Profissional inspiradora e incentivadora, pioneira na emancipação feminina, Clara Pandolfo enfrentou, desde os anos de 1930, as barreiras impostas às mulheres, mas conseguiu deixar um relevante legado de vida pública. Segundo Murilo Fiuza de Melo, a cientista utilizou conceitos de economia e ecologia na implementação de projetos de manejo florestal sustentável como uma alternativa para um desenvolvimento da Amazônia, décadas antes de essa técnica ser implementada no país.

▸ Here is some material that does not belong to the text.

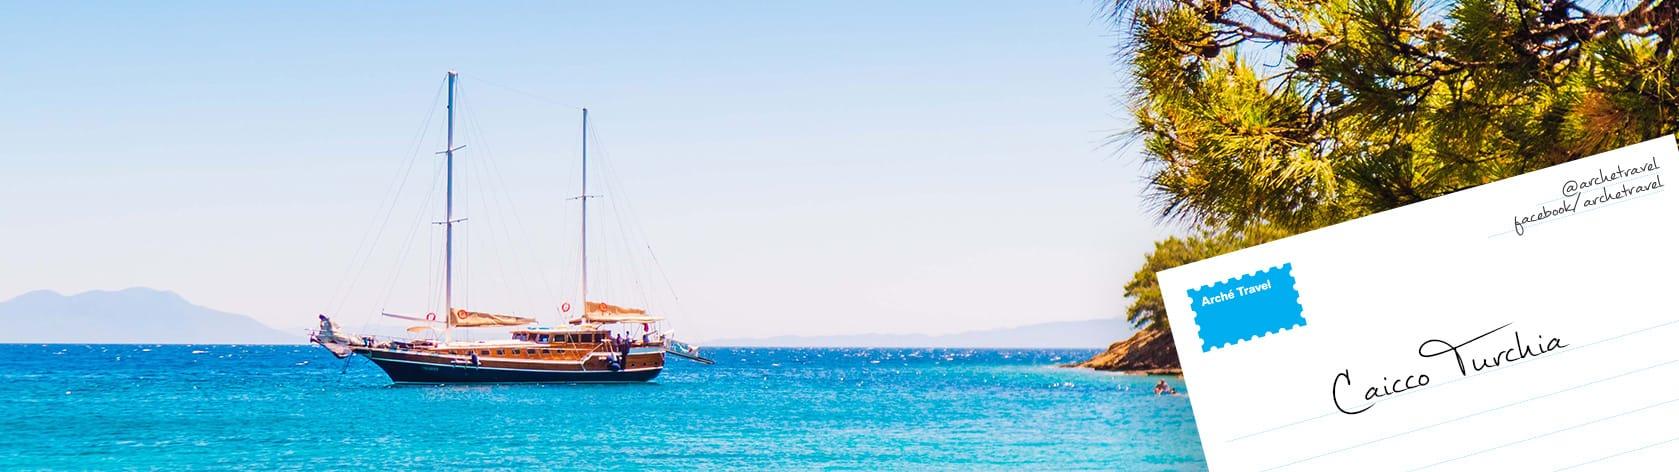 Vacanza Caicco Turchia - Crociera Caicco in Turchia Arché Travel - Tour Operator Turchia Caicco

“A única ocupação econômica que não destrói a cobertura florestal é a exploração florestal organizada, que permite a utilização desses recursos indefinidamente”, afirmou a cientista, em maio de 1972.

Clara é autora de cerca de 50 publicações sobre a região amazônica, lançadas entre os anos 1950 e 1990, nas quais apresentou reflexões pioneiras e ampliou a perspectiva sobre a maneira de aproveitar os recursos naturais do território de maneira sustentável, assinala o autor.

Clara Pandolfo morreu aos 97 anos, em 2009, e seu legado hoje é praticamente desconhecido pelos brasileiros. O livro, que será distribuído gratuitamente para escolas e bibliotecas, faz parte de um grande projeto, que inclui ainda um minidocumentário sobre a vida de Clara e um site, além de um ciclo de palestras com estudantes de ensino médio e de universidades do Pará.

Leia a seguir a entrevista com o jornalista.

P Como nasceu a ideia de resgatar a história de Clara Pandolfo?

R Descobri o lado profissional da cientista Clara Pandolfo já adulto e formado como jornalista. Tivemos várias conversas sobre o desenvolvimento da Amazônia. No Natal de 2008, eu a vi pela última vez. A ideia de escrever o livro sobre ela veio naturalmente, após a sua morte, em julho de 2009. Fiz algumas entrevistas em 2010 e escrevi cinco capítulos, mas, por conta do trabalho, deixei o projeto de lado. A vida me levou para outros caminhos e publiquei quatro livros nesse período. A obra sobre Clara, que era para ser minha estreia como escritor, veio 16 anos depois, mas, acredito, que em boa hora. Este ano, teremos a primeira COP do Clima na Amazônia, justamente na cidade onde a cientista nasceu, viveu e morreu. Além de resgatar a memória dessa grande paraense, colocando-a entre os grandes defensores e defensoras de um desenvolvimento para a Amazônia, o livro tem o objetivo de mostrar que, sim, é possível a uma mulher fazer ciência e se destacar, mesmo quando, ainda hoje, elas são minoria na área.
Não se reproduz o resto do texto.